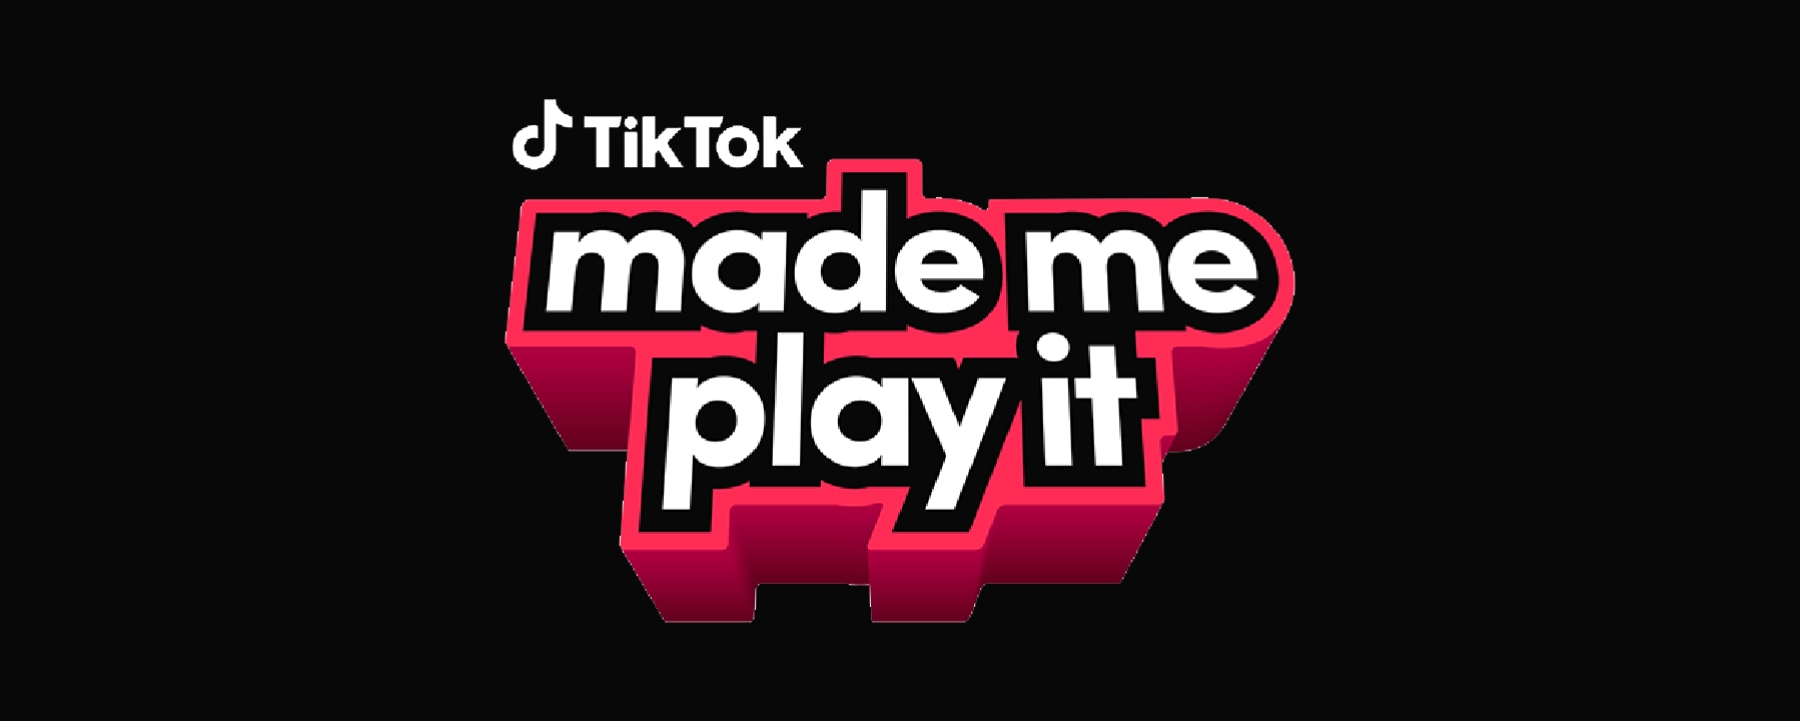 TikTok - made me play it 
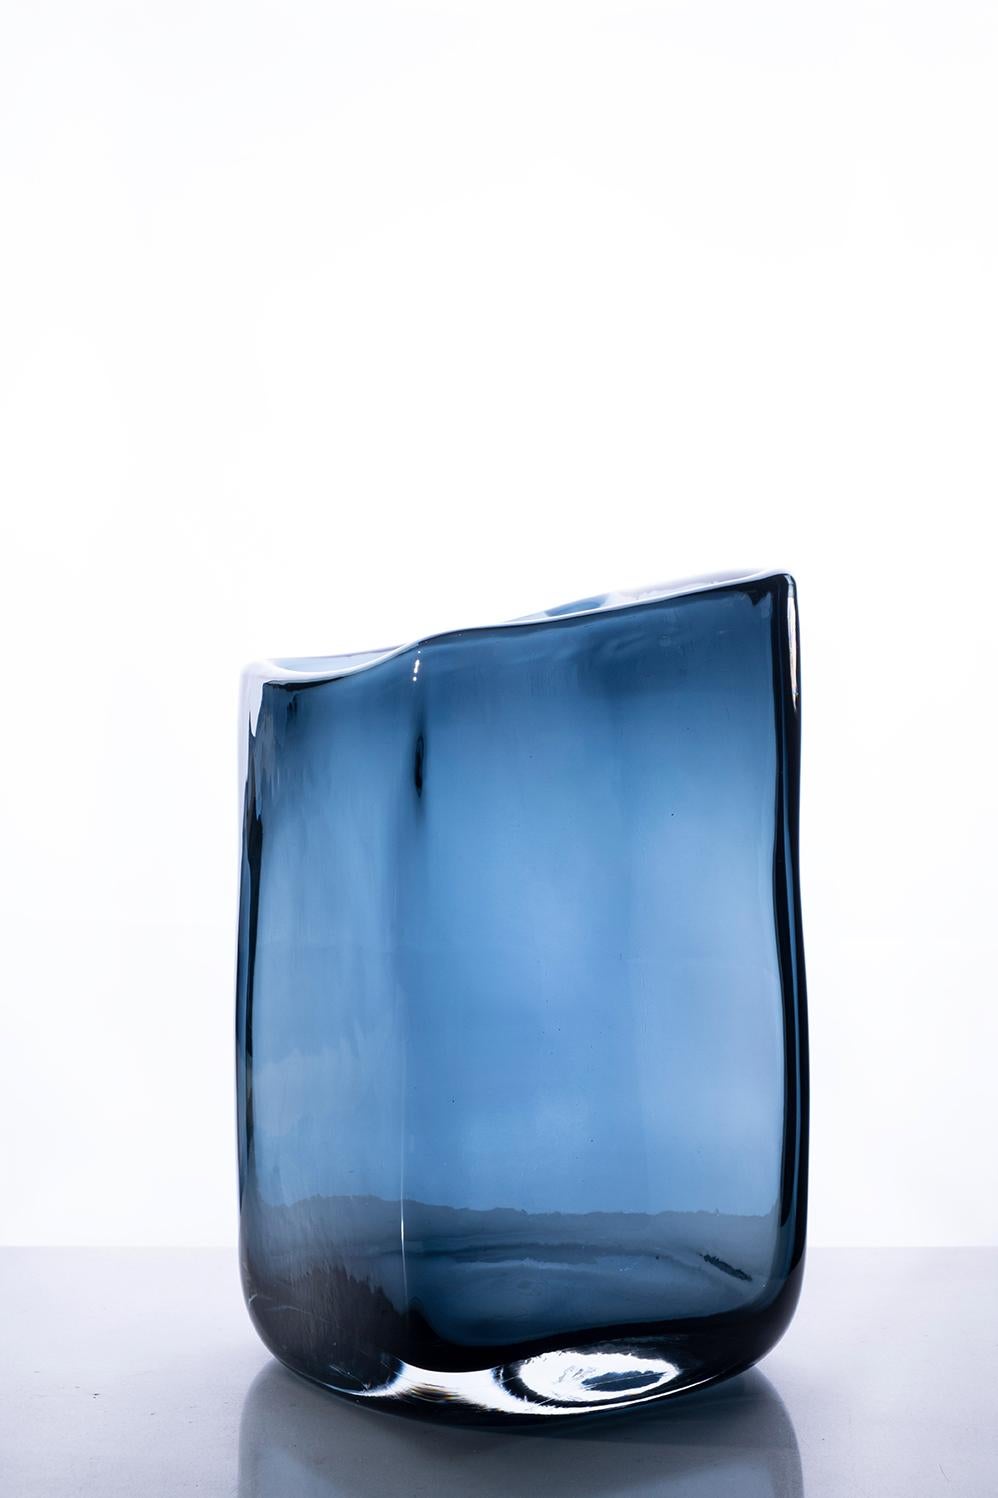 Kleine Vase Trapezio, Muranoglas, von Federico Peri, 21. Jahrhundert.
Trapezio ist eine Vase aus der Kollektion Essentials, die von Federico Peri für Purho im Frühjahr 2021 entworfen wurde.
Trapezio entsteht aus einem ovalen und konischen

-=-=-

| THE PROBLEM |
The expected output is an exact retyping of the lines from the line with "Kleine Vase Trapezio, Muranoglas, von" through the last line of the data, with both ends kept and the pictures dropped.

| SOLUTION TO THE EXERCISE |
 Kleine Vase Trapezio, Muranoglas, von Federico Peri, 21. Jahrhundert.
Trapezio ist eine Vase aus der Kollektion Essentials, die von Federico Peri für Purho im Frühjahr 2021 entworfen wurde.
Trapezio entsteht aus einem ovalen und konischen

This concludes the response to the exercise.